As the S’forno (Rabbi Ovadyah S’forno, Italy, c.1470-1550) expressed it, “From now onwards the months will be yours, to do during them whatever you desire; but in the days of slavery, your days were not yours – rather, they were subjugated to other people and their desires. Therefore, ‘it is to be for you the first of the months of the year’, because in this month your freedom of choice begins to be actualized” (commentary to Exodus 12:2).

And as the Abarbanel (Don Yitzchak Abarbanel, Spain, Italy, and Corfu, 1437-1508) and others have pointed out, the Hebrew name אָבִיב, Aviv, meaning “spring” (as in “the month of spring), denotes אַב י"ב, “the father of 12”, meaning the father of all twelve months of the year. Not just the beginning, but the progenitor of our entire calendar. With the month of Aviv, the Jewish calendar, Jewish independence, indeed the Jewish mission in this world, comes into existence.
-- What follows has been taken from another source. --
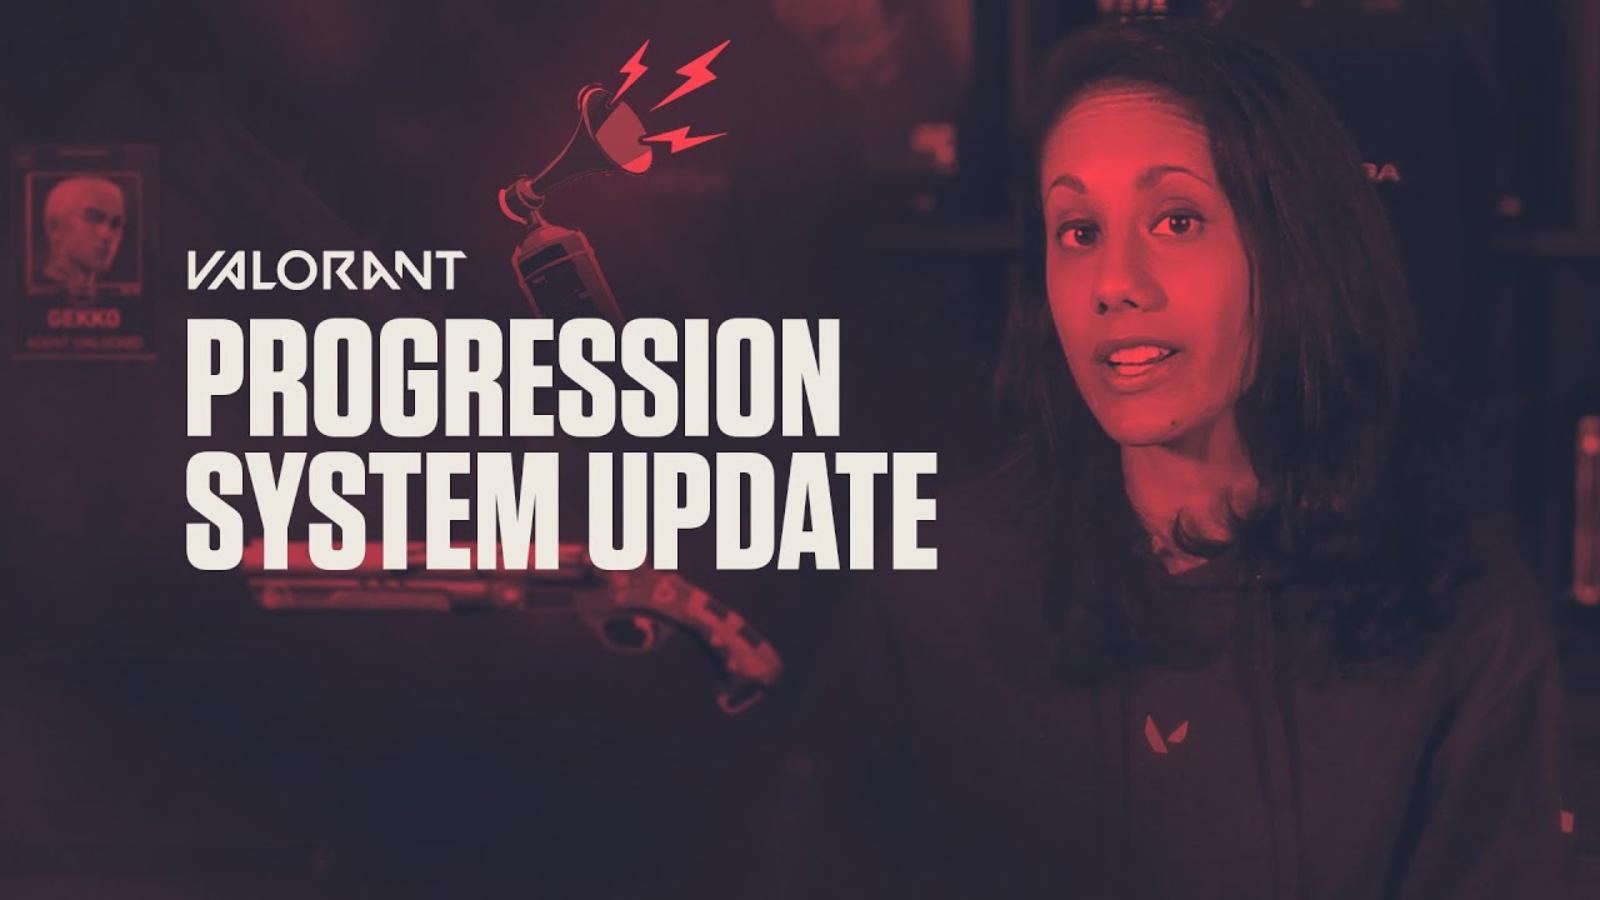 Valorant's new Progression System update
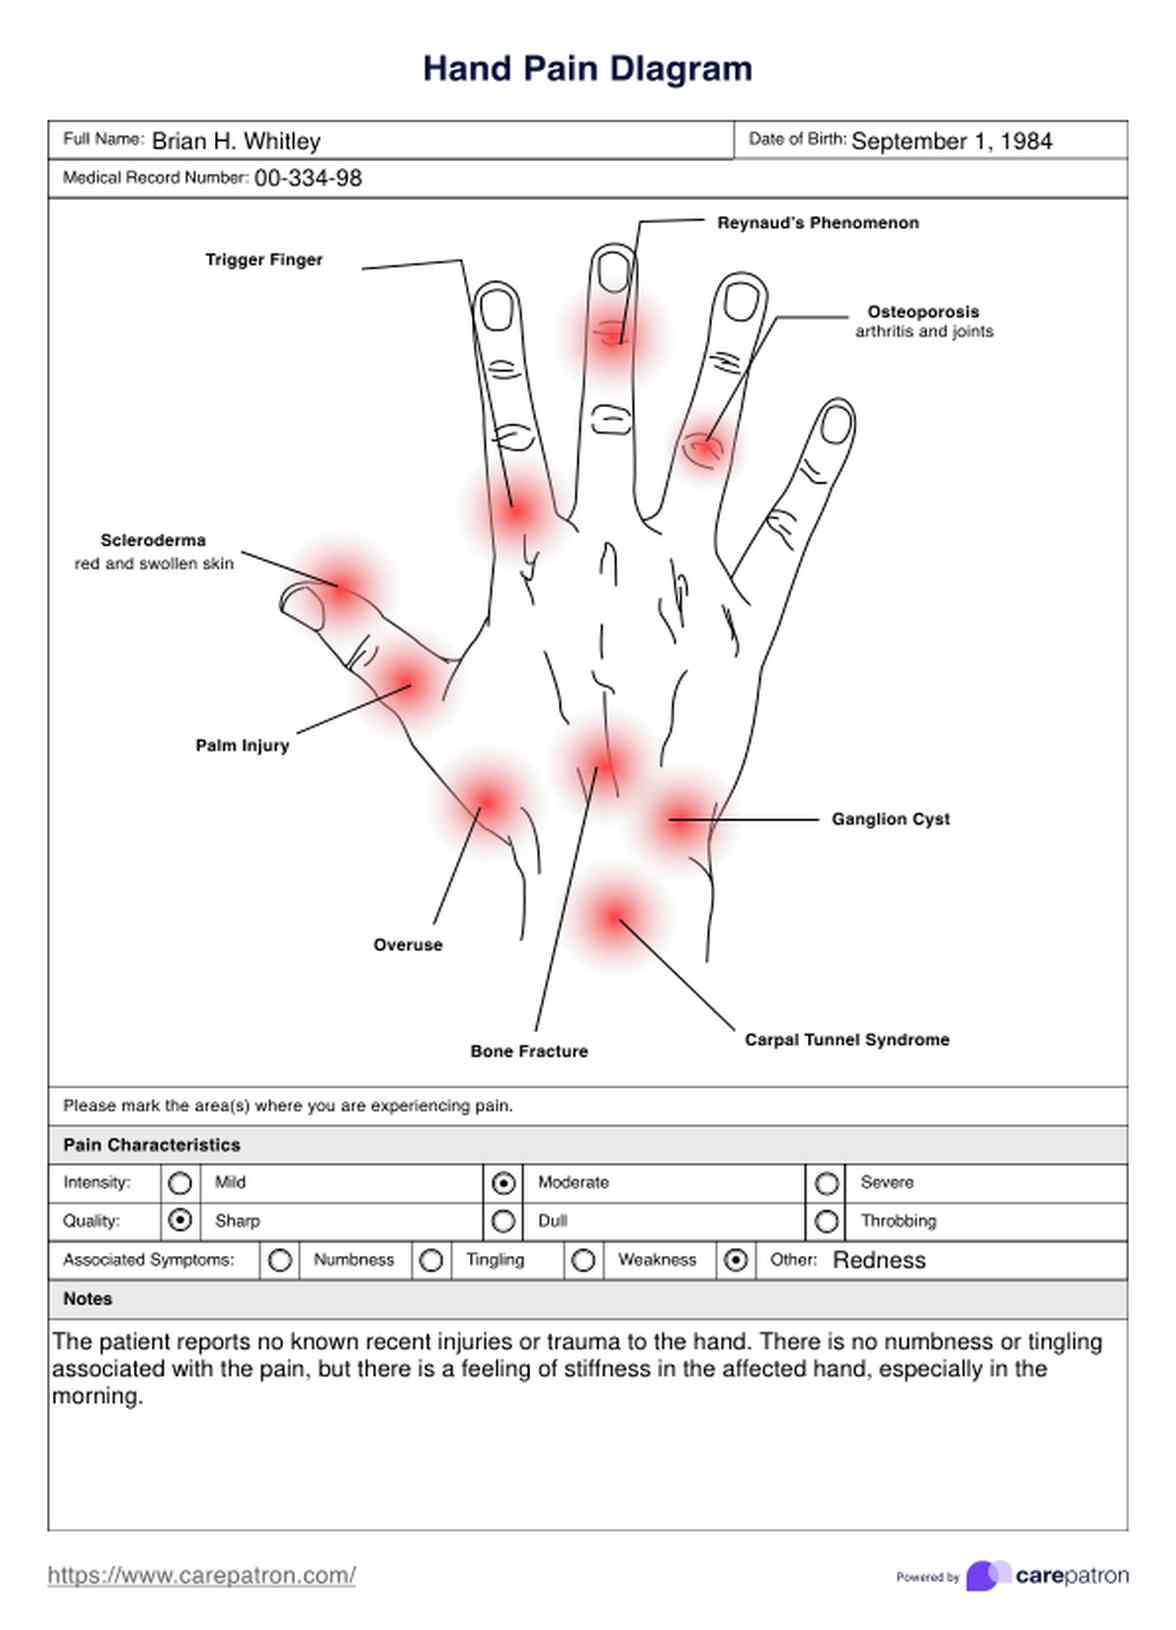 Hand Pain Diagrams PDF Example

This dreaded sickness is forcing people apart, making the opening word of this parashah, וַיַּקְהֵל, “he assembled”, a sad impossibility. Fewer Jews than ever before in living memory will be able to attend a Synagogue this Shabbat, and will be coerced to pray alone.

Yet paradoxically, this same dreaded sickness which is forcing people apart has also united humanity in a way that few if any phenomena have ever done in history.

This is the one topic which unites everyone in the world, regardless of age or creed, country or nationality or language, poverty or wealth, or any of the other categories which usually define us and separate us from each other.

We stand on the threshold of potential global tragedy and disaster – and on the threshold of potential great salvation.

We are about to begin a new month, the month of Nissan, the month of redemption:

“In Nissan they were redeemed, in Nissan they are destined in the future to be redeemed” (Rosh Hashanah 11a, Mechilta de-Rabbi Shimon bar Yochai 12, Tanchuma, Bo 9, et al.)

This is the time for us, for Jews the world over, to recognise and to actualise our mission in the world: לְתַקֵן עוֹלָם בְּמַלְכוּת שַׁדַּי, to repair the world in G-d’s sovereignty; to take responsibility not only for ourselves, for our own family, community, village, or people, but for the entire humanity which G-d created in His own image.

And to recognise, decades overdue: that the only way that we can ever possiblyמְתַקֵן עוֹלָם בְּמַלְכוּת שַׁדַּי, repair the world in G-d’s sovereignty is for the Nation of Israel to return home to the Land of Israel, here to rebuild the nation of Torah, sovereign in its homeland.